Conformal Blocks in 2d Carrollian/Galilean CFTs and Excited State Entanglement Entropy

TL;DR

This paper computes the entanglement entropy of excited states in 2D Carrollian/Galilean CFTs, showing it matches holographic predictions and supports flat space holography and the Flat/CCFT correspondence.

Contribution

It introduces a novel derivation of heavy-light conformal blocks in large central charge CFTs and demonstrates their role in reproducing holographic entanglement entropy.

Findings

Entanglement entropy of excited states has a thermal form.

Field-theoretic results match holographic computations.

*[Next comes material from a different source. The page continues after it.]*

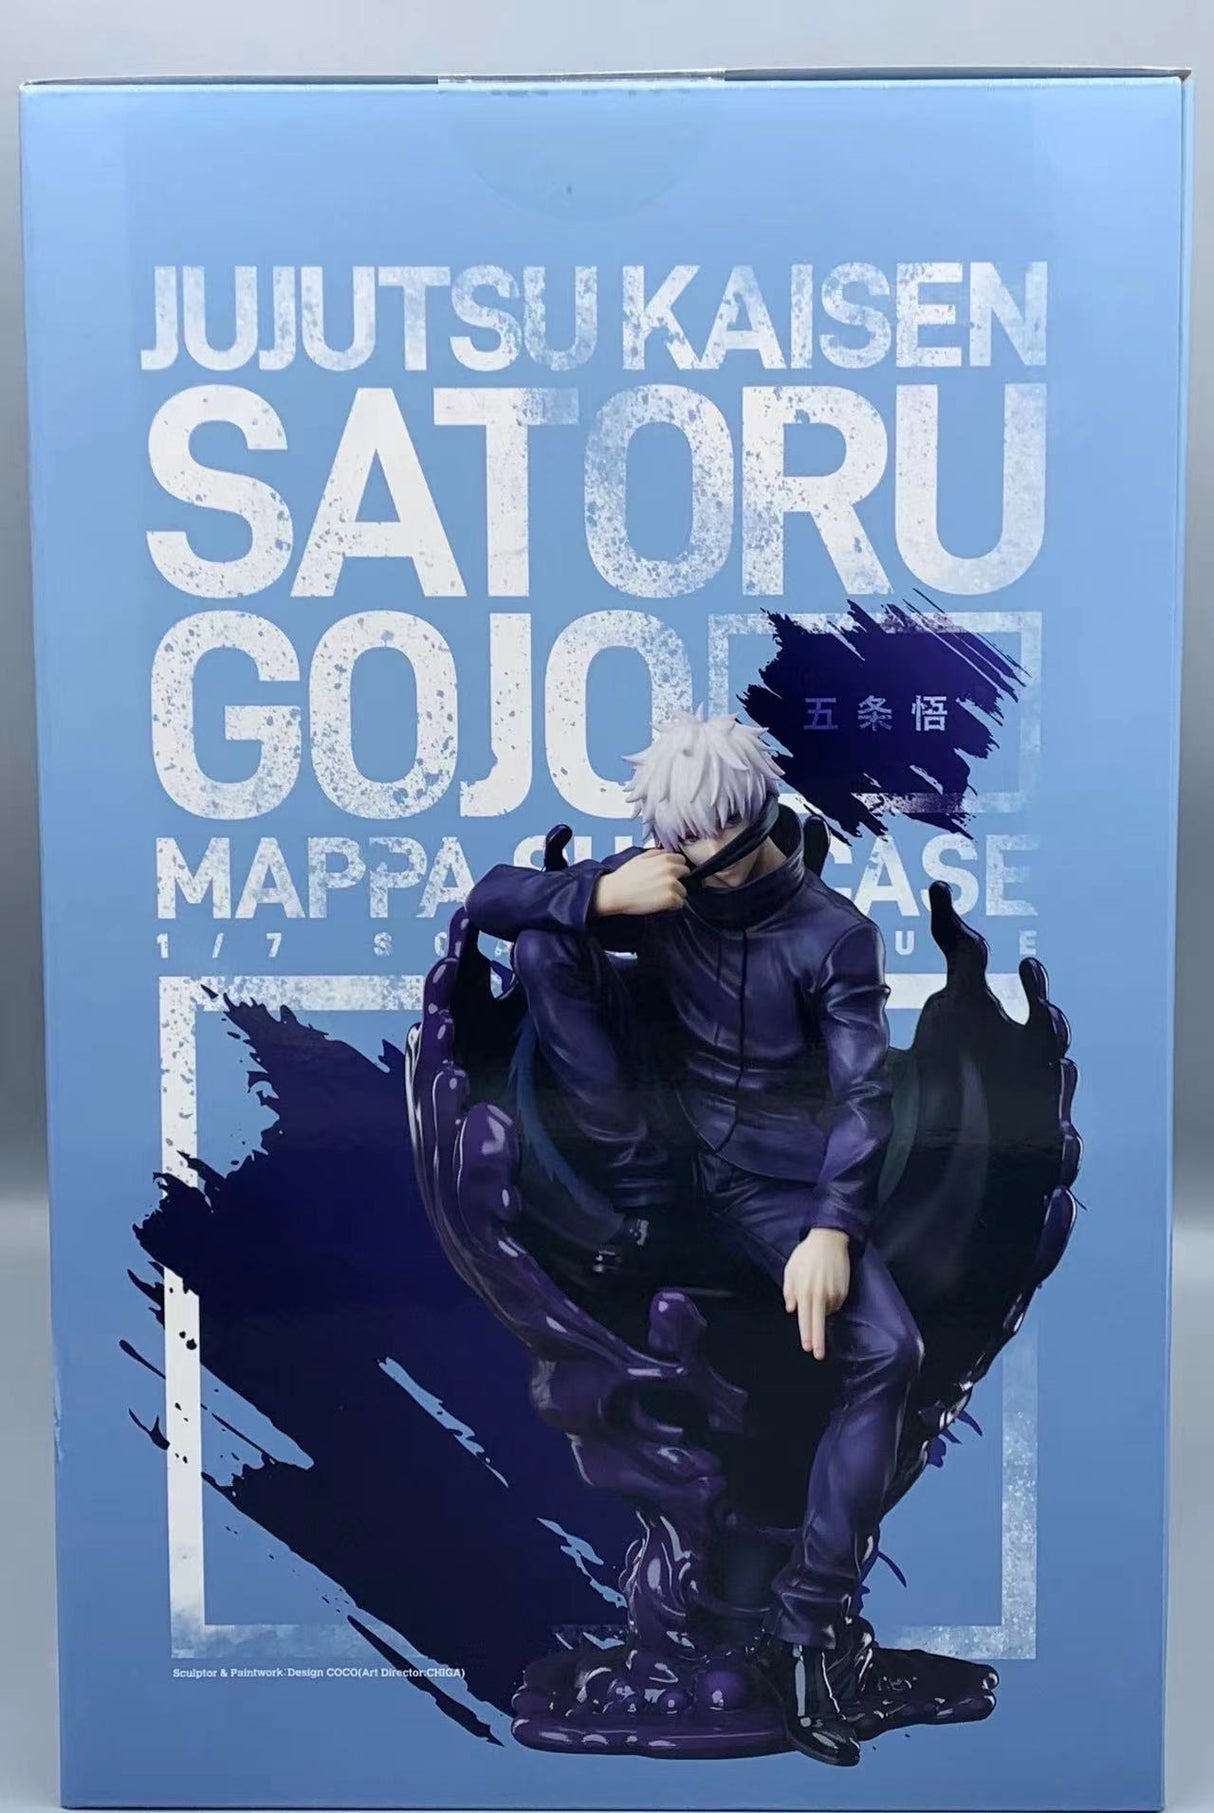 Jujutsu Kaisen - Satoru Gojo MAPPA SHOWCASE 1/7 (MAPPA)
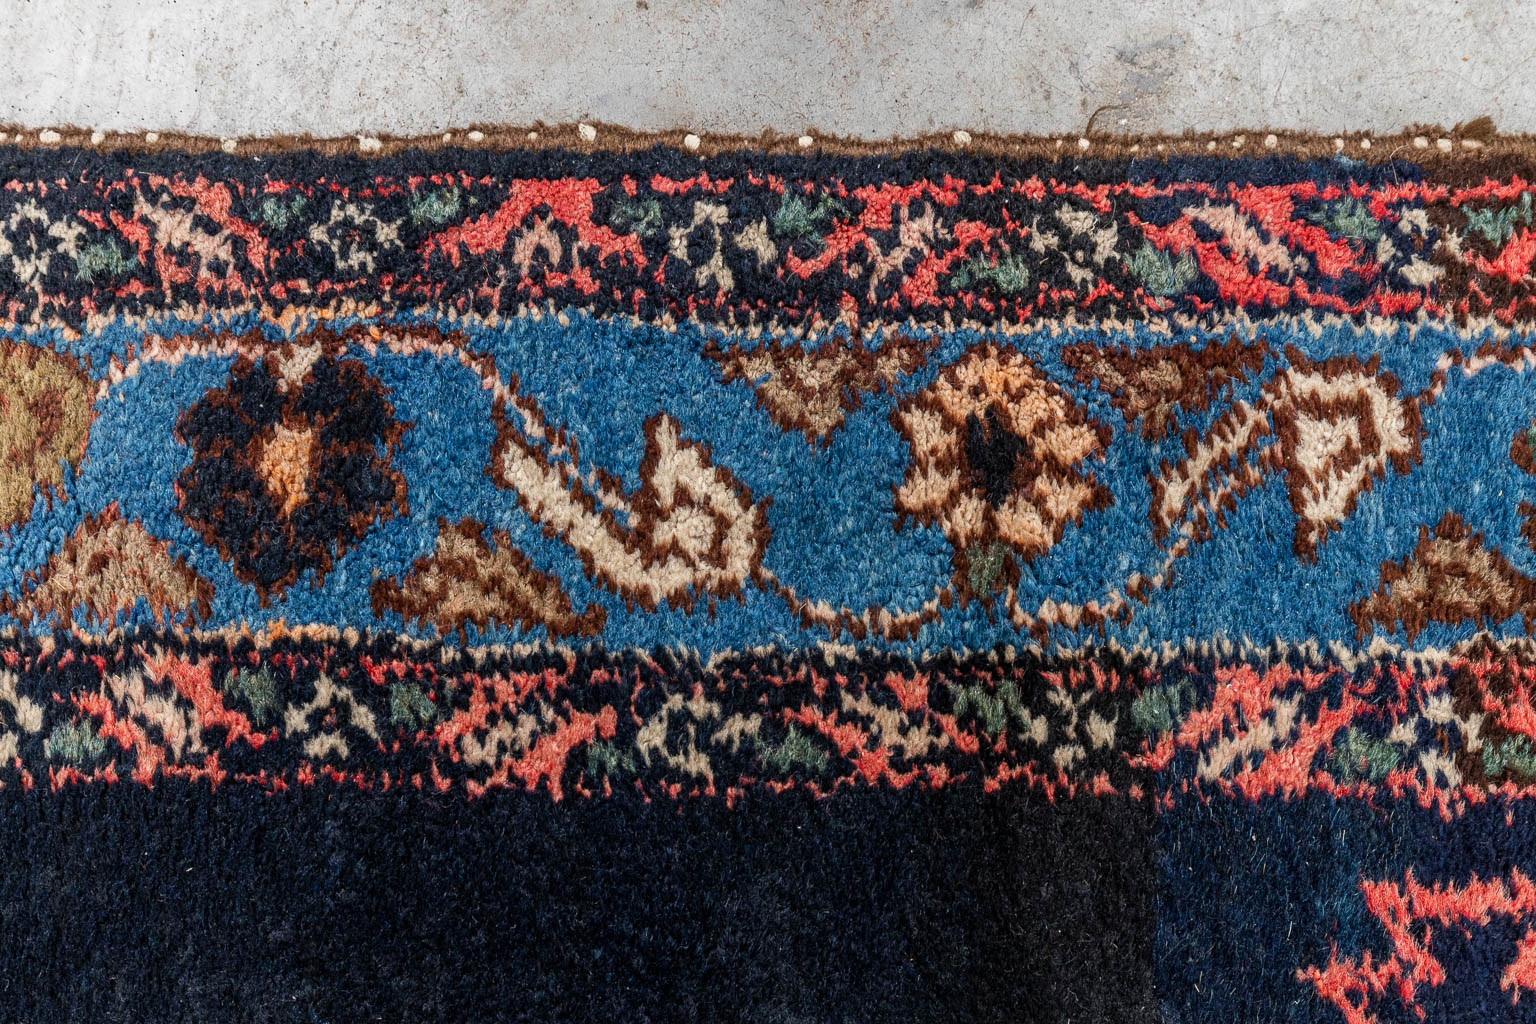 An antique Oriental carpet, runner, Hamadan, Iran. (D:500 x W:111 cm)

Establishes a dictionary between boundary state parameters and bulk spacetime properties.

Abstract

We advance the study of flat space holography by computing the entanglement entropy of highly excited states in two-dimensional Carrollian/Galilean Conformal Field Theories (C/G CFTs). Our approach is centered on a novel, physically intuitive derivation of the heavy-light conformal block in the large central charge limit, where the backreaction of heavy operators is absorbed by a C/G conformal coordinate transformation. Using this result and the replica trick, we find that the entanglement entropy of highly excited states assumes a thermal form, providing a concrete realization of the Eigenstate Thermalization Hypothesis (ETH). This field-theoretic result perfectly reproduces the holographic entanglement entropy computed via the swing surface proposal in three-dimensional Einstein gravity, for backgrounds corresponding to spinning particles and Flat Space Cosmological solutions. This agreement establishes a precise dictionary relating the weight $\Delta$ and charge $\xi$ of the boundary state to the mass $m$ and angular momentum $j$ of the dual spacetime, offering a powerful consistency check for the Flat/CCFT correspondence.